A treacherous tingle of anticipation invaded Ivy’s entire body. She didn’t wait to hear him make arrangements, moving on to look at the few paintings they hadn’t already seen, pretending it was irrelevant to her whether or not he secured a table for the promised dinner. Undoubtedly he would. Jordan Powell could probably buy his way into anything, any time at all.
But he couldn’t buy her.
She would only go as far as she wanted to go with him.
One evening … maybe one night.
One step at a time, she told herself. He might turn her off him over dinner. The temptation could fizzle out. She couldn’t remember the last time she had indulged her tastebuds with lobster. That, at least, was one pleasure she could allow herself without any concern over what was right or wrong.
CHAPTER FIVE
THEY rode away from the gallery in Nonie Powell’s chauffeured Rolls-Royce—borrowed briefly for the trip to the restaurant. Jordan’s mother had rolled her eyes over the request, chided him for deserting her and given a long-suffering sigh as her gaze flicked over Ivy before waving them off, obviously resigned to her playboy son’s weakness for a new attraction.
Ivy didn’t care what his mother thought. Her own mother had been quite happy for her to leave with the billionaire, probably seeing him as the ultimate city man who might very well seduce her from country life. Ivy didn’t care what Sacha thought, either.
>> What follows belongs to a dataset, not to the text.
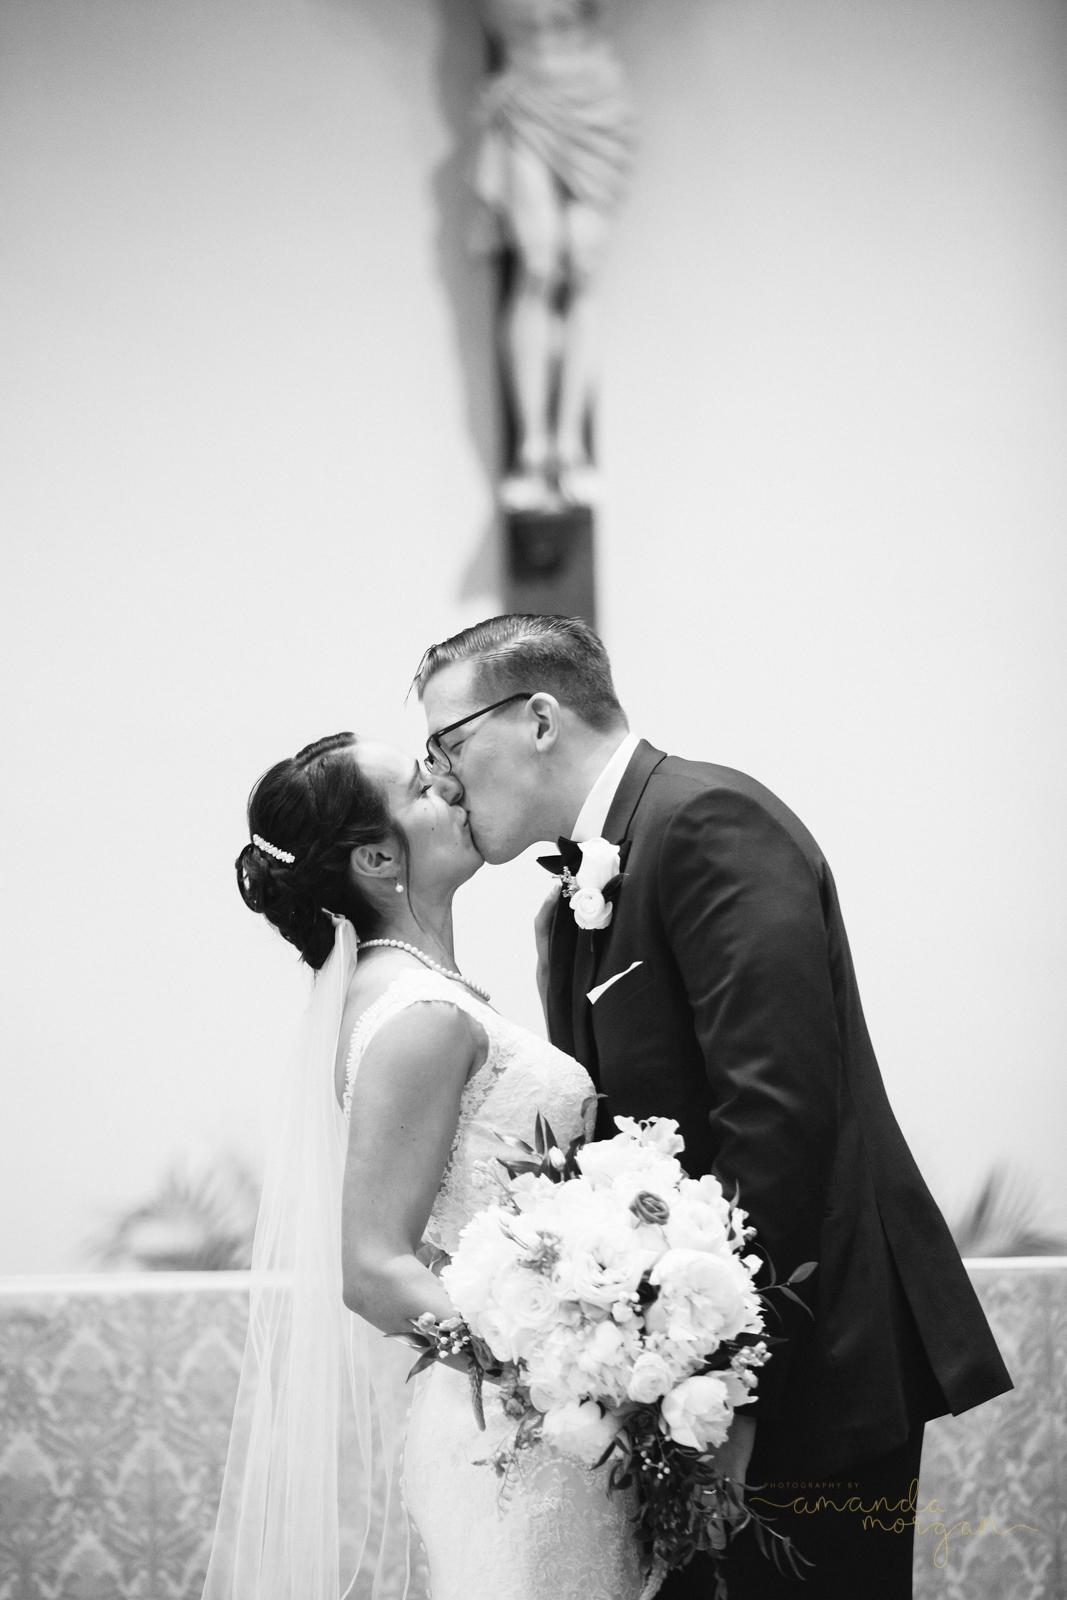 Notre-Dame-Catholic-Church-Wedding-Amanda-Morgan-7.jpg

As far as she was concerned, this was simply an experience she wanted to dabble with while it was desirable.
When it stopped being desirable, she would take a taxi to her car and drive home. In the meantime, she was enjoying the experience of riding in a Rolls-Royce. She’d never done it before and it was most unlikely she would ever do it again. It felt luxurious. It smelled luxurious. She focussed her mind on memorising everything about it to tell Heather because it helped distract her from an acute awareness of the man sitting beside her.
He totally wrecked that mental exercise by reaching across, plucking her hand from her lap and stroking it with his long, elegant and highly sensual fingers. Her pulse bolted into overdrive. She found herself staring at their linked hands, fascinated by the juxtaposition of his olive skin and the extreme fairness of hers. She visualised them in bed together … naked … intertwined … black hair, red hair. The image was wickedly entrancing.
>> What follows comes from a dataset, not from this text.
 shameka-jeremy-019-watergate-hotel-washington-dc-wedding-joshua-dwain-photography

Ben’s skin had been fair, though not as fair as hers. Jordan Powell was very different, in every sense. Was it the sheer contrast that made him so appealing? Why did being with him excite her so much? Was it the idea of living dangerously, which was not her usual style at all?
‘What are you thinking?’ he asked.
No way was she about to reveal those thoughts! ‘Where are we going?’ she countered, giving him a bright look of anticipation.
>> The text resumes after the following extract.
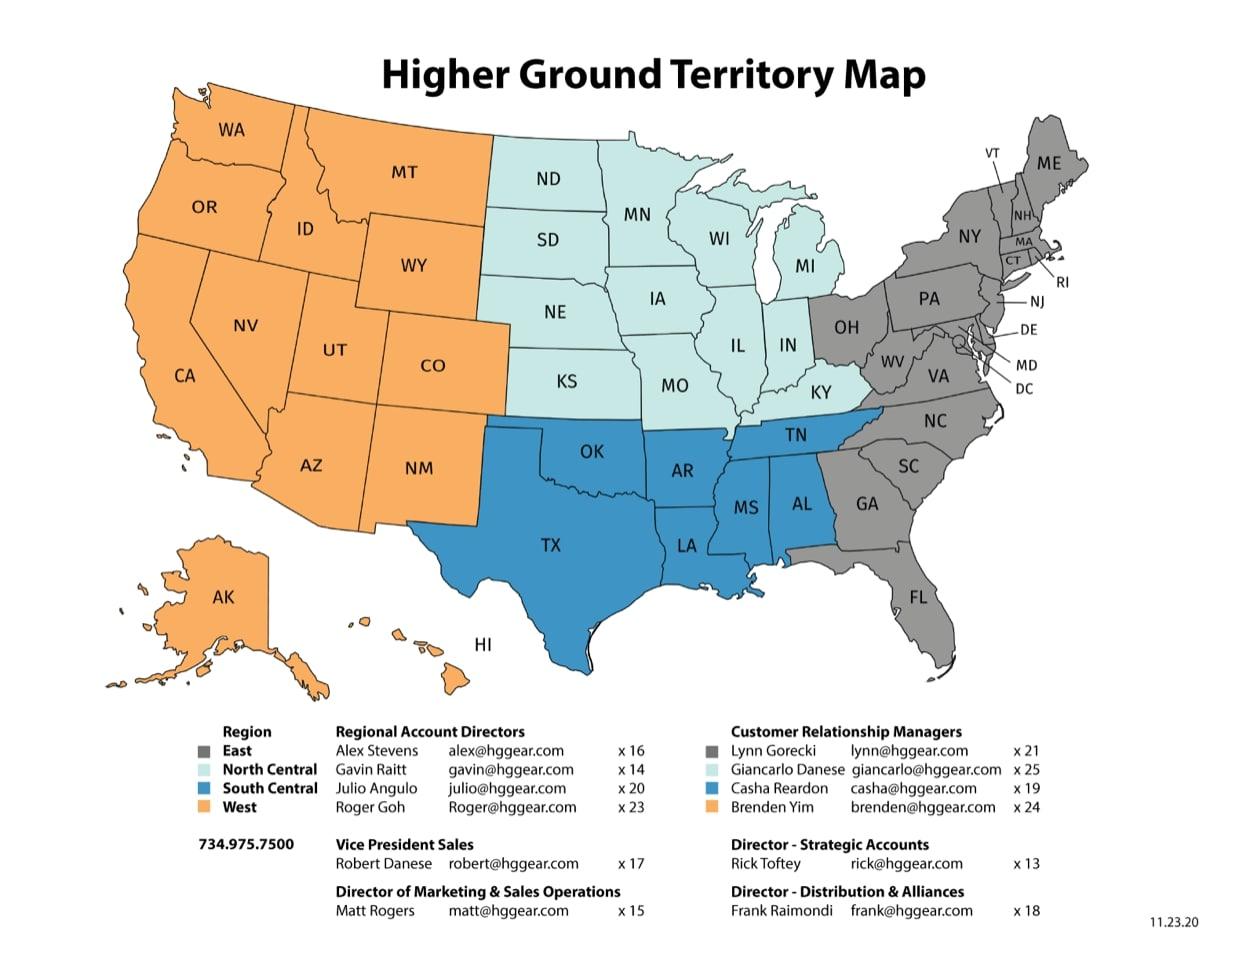 Higher Ground Territory Map

‘Wherever you want to go,’ he purred back at her, the sexy blue eyes inviting her to indulge any desire she had on her mind.
‘I meant the restaurant,’ she stated pointedly. ‘My car is parked near the gallery. If I decide to walk out on you, which I might want to do, I’d prefer not to have a long journey back to it.’
He laughed, squeezing her hand as though asserting his possession of her even as he replied, ‘Your escape route won’t be a hardship. The restaurant is at Rose Bay. In fact, we’re almost there.’